▶ DATA SEGMENT
____________
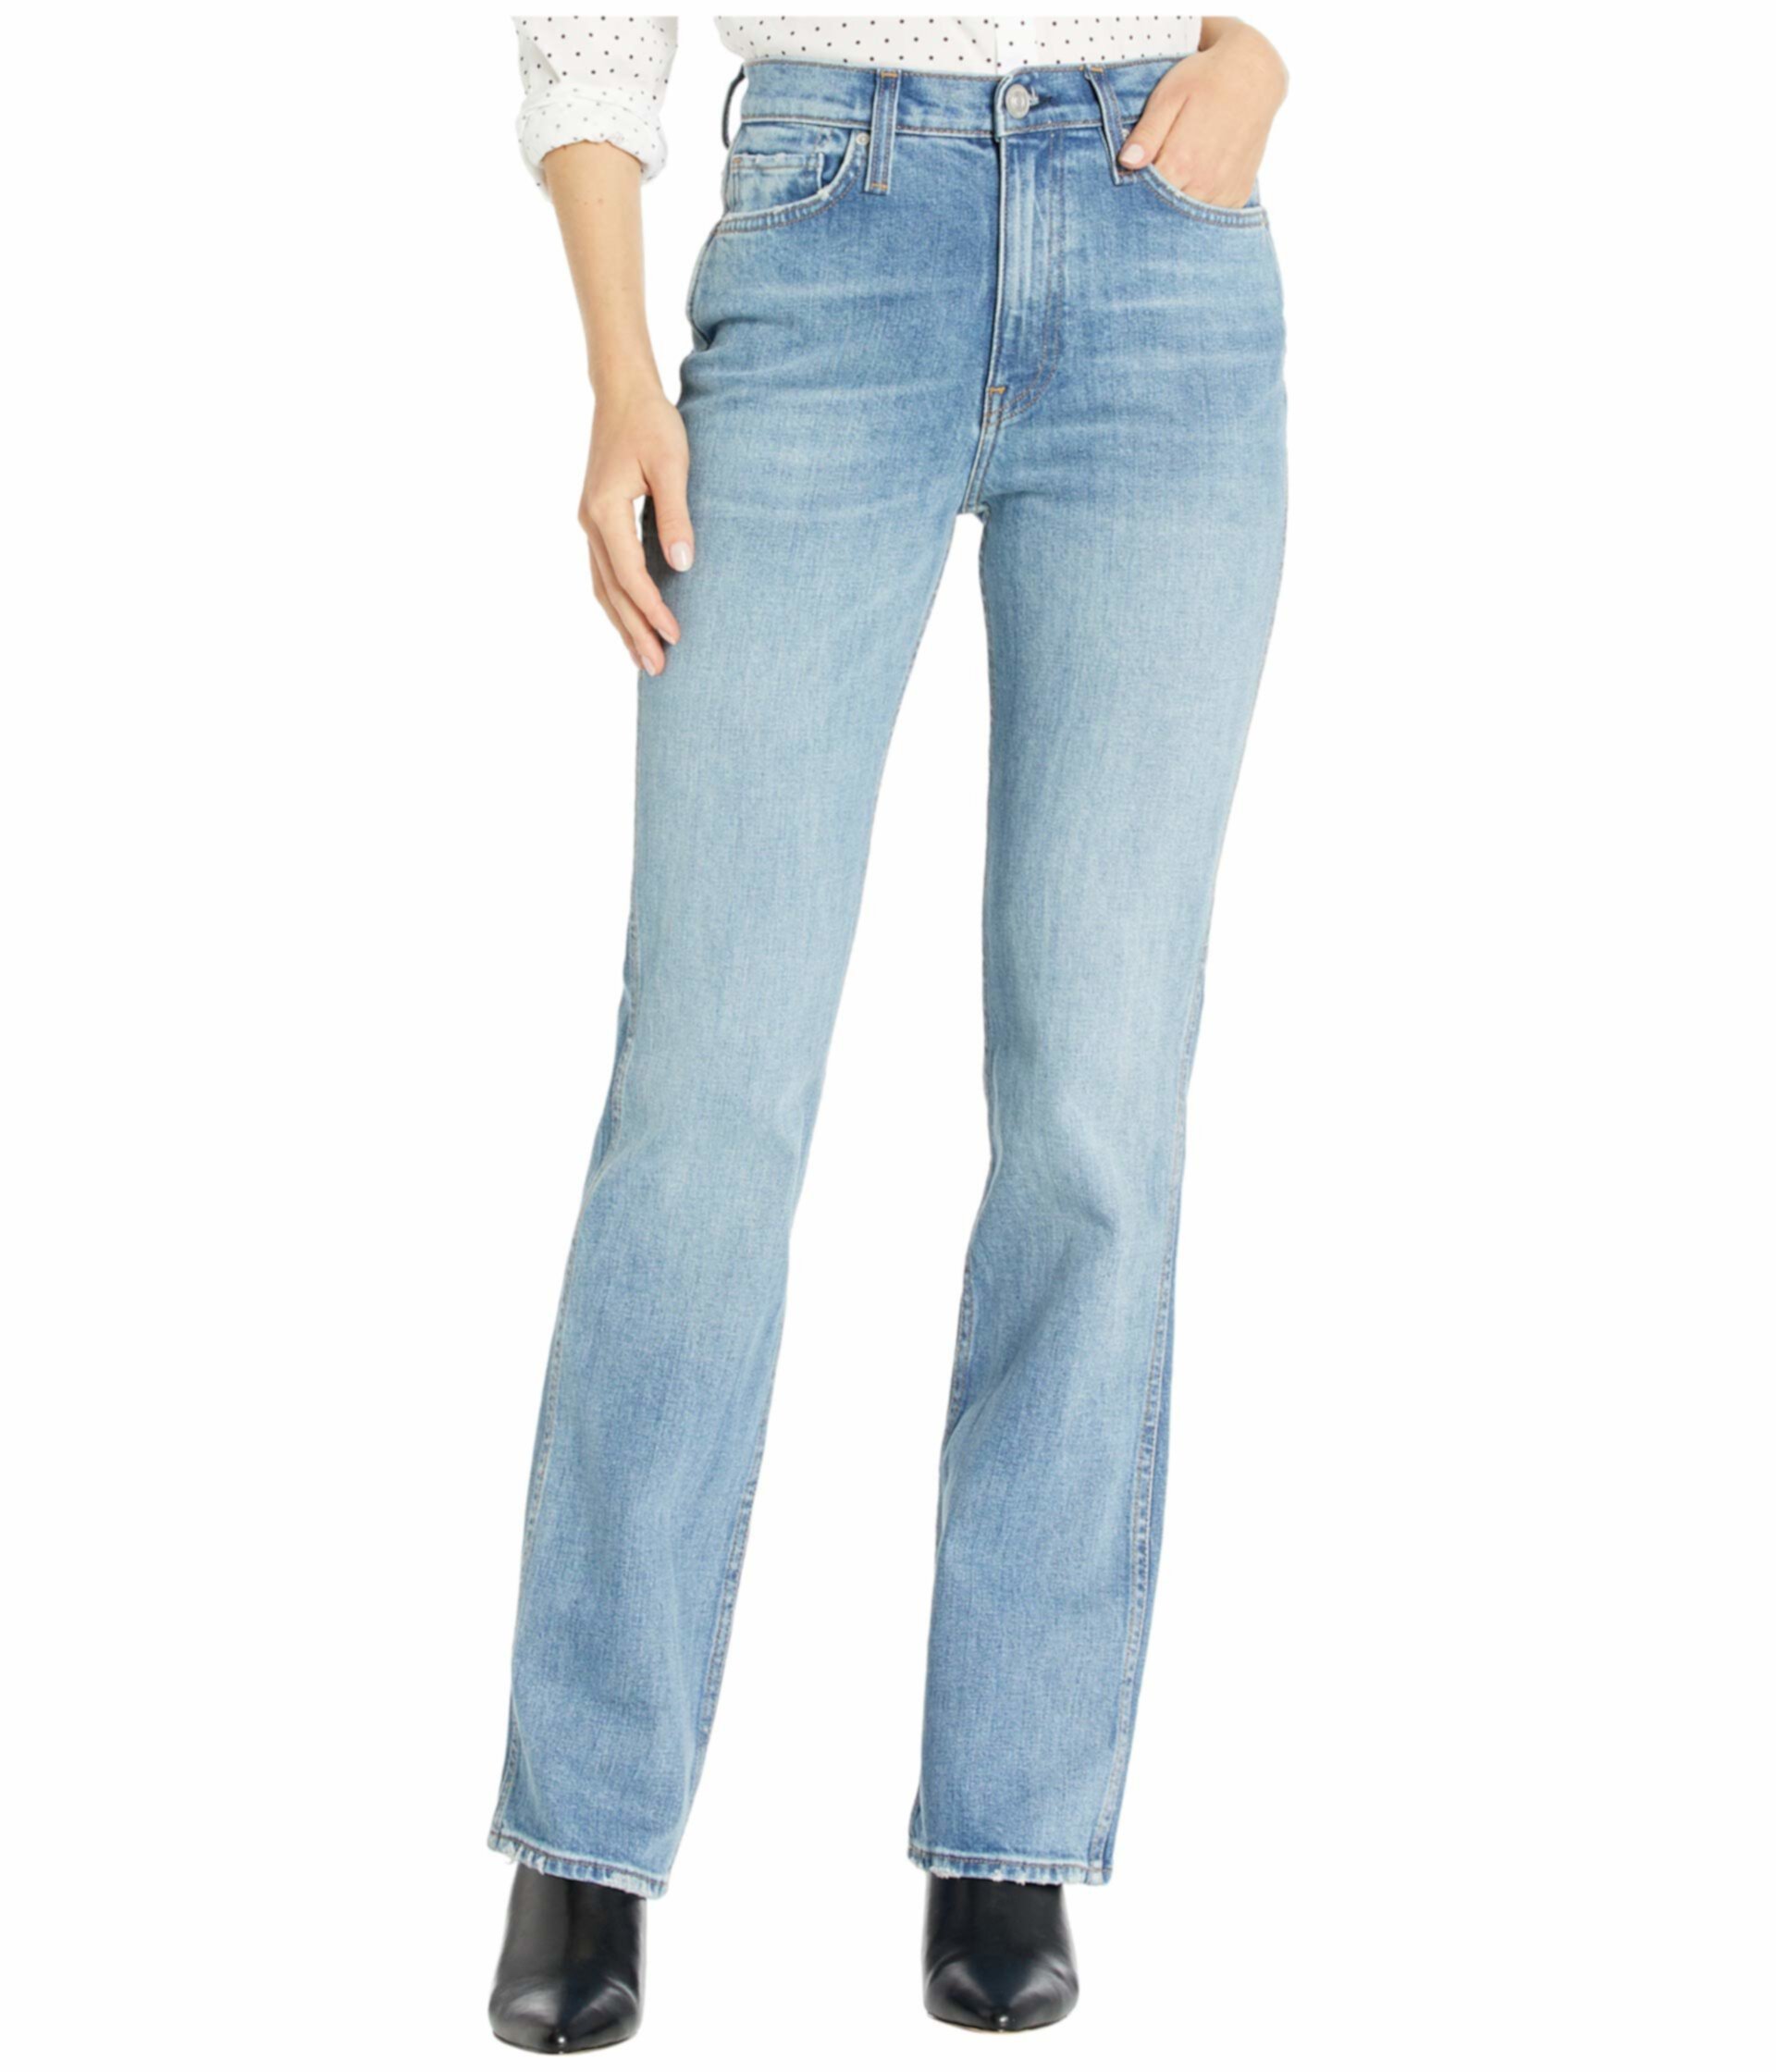 Джинсы Bootcut с высокой посадкой от Abbey Hudson Jeans
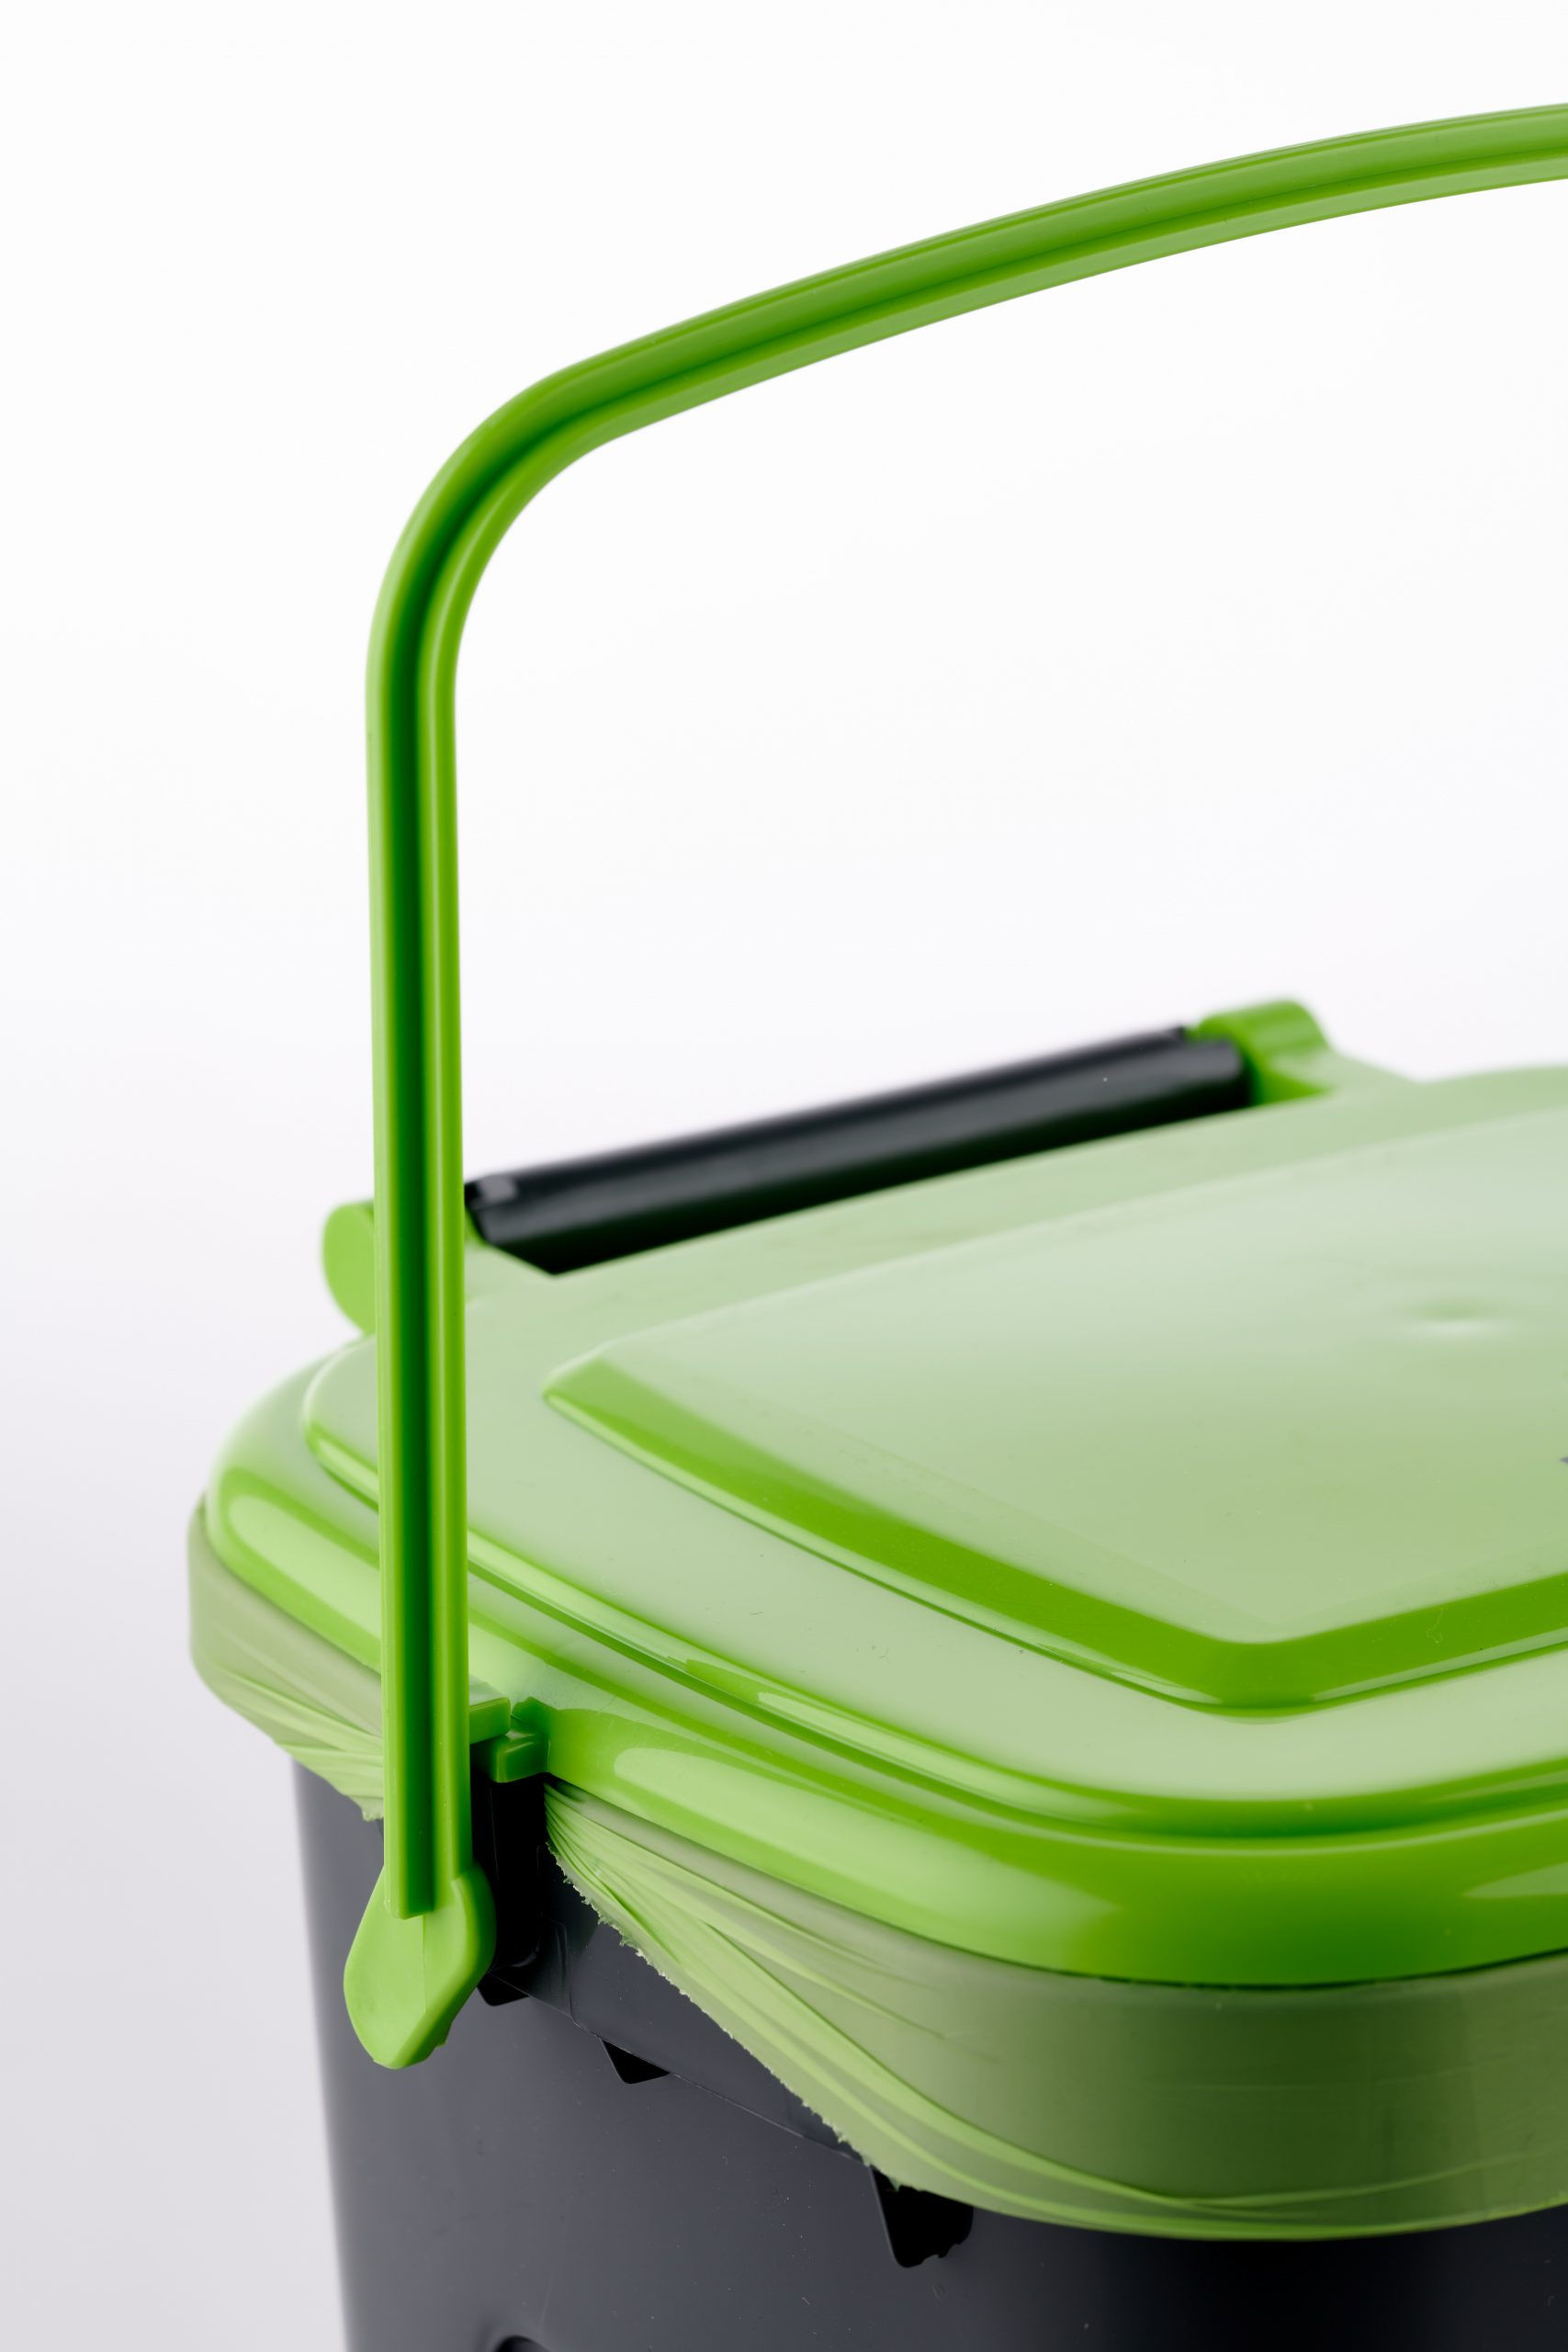 Compost Caddy  Dishwasher Safe Kitchen Compost Bin – Free Shipping
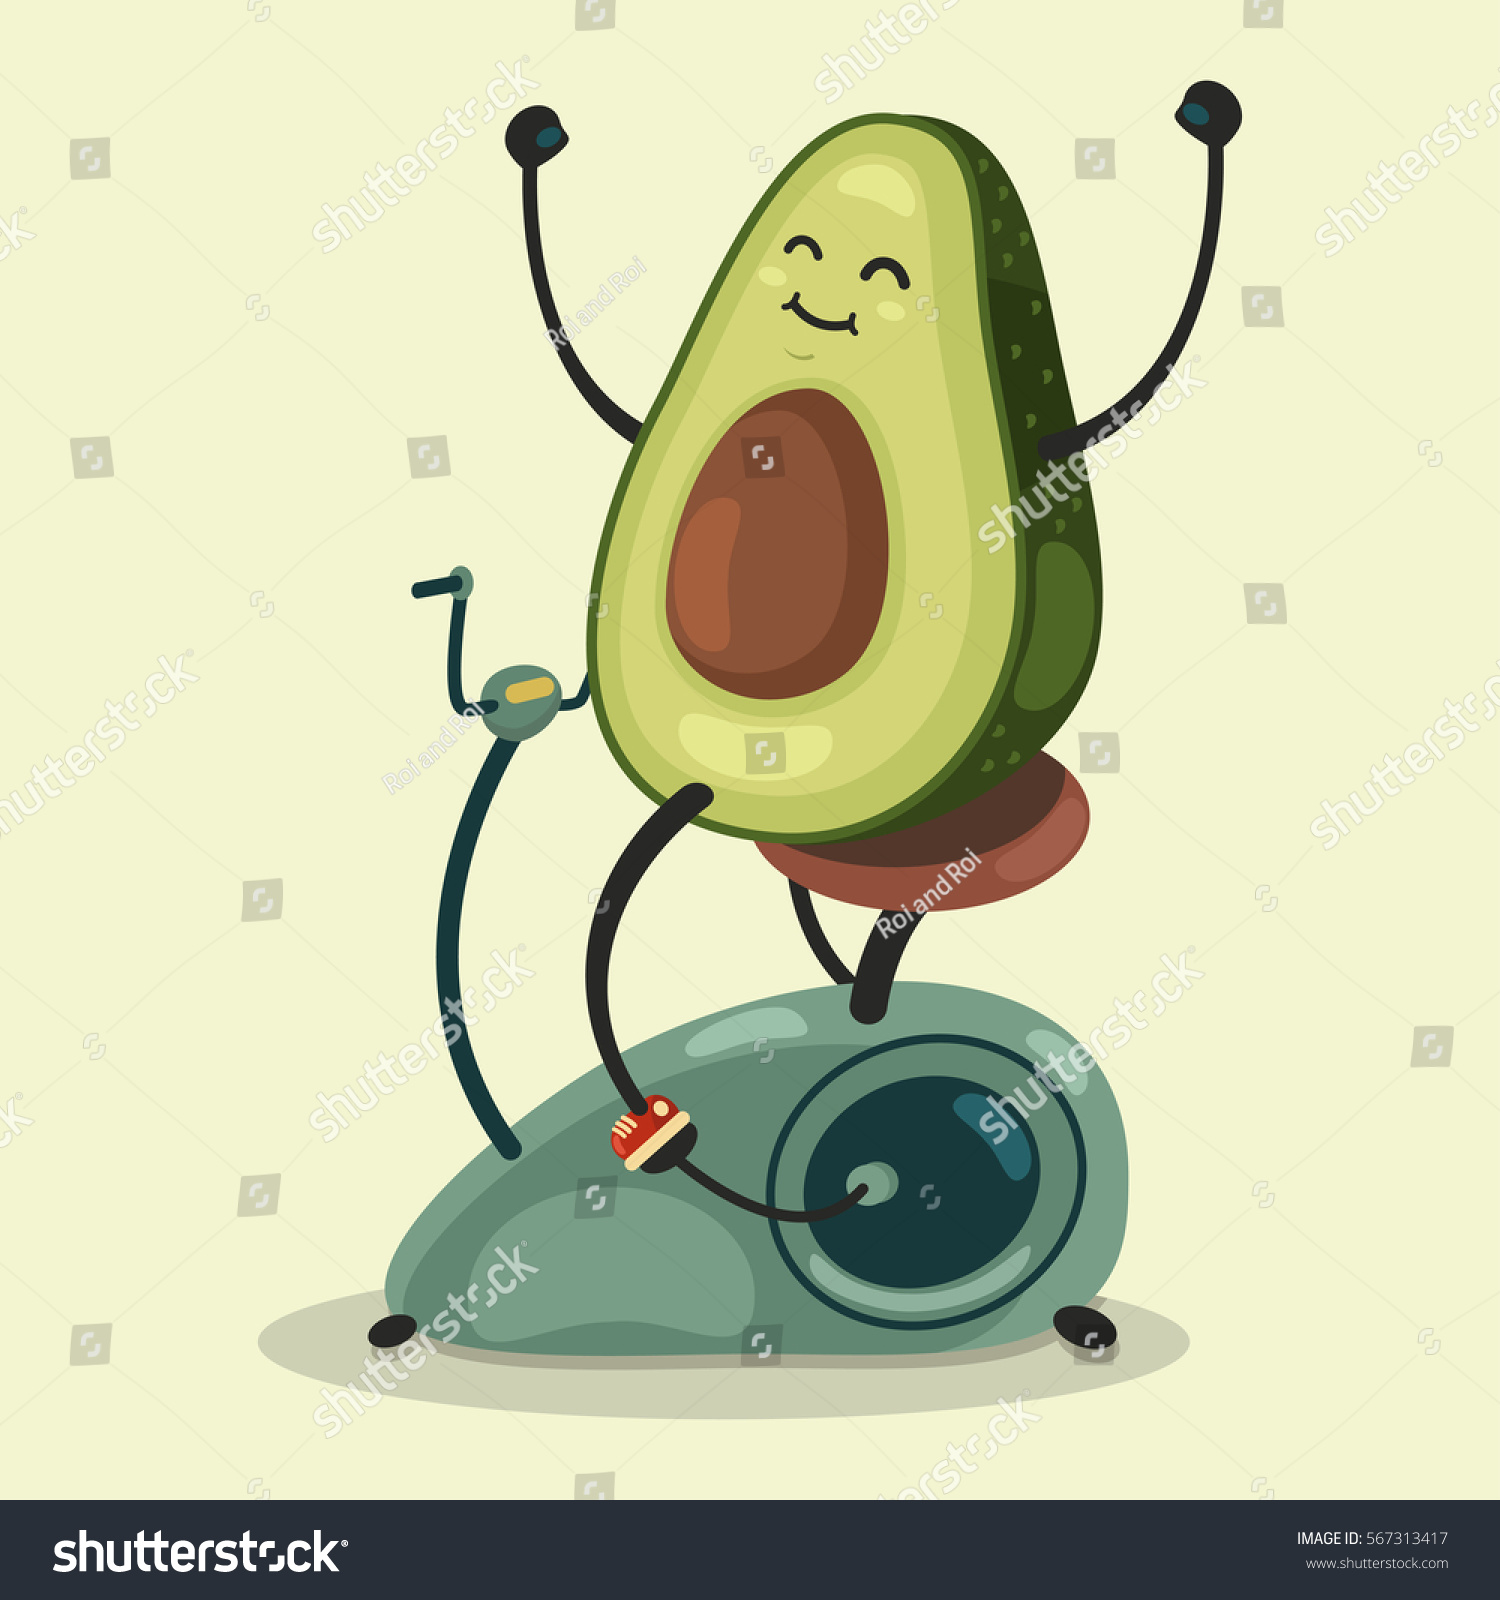 avocado bike
____________
▶ WORK REQUEST
Would you set down the material exactly as it stands, without the pictures?

▶ ANSWER SECTION
 Джинсы Bootcut с высокой посадкой от Abbey Hudson Jeans
 Compost Caddy  Dishwasher Safe Kitchen Compost Bin – Free Shipping
 avocado bike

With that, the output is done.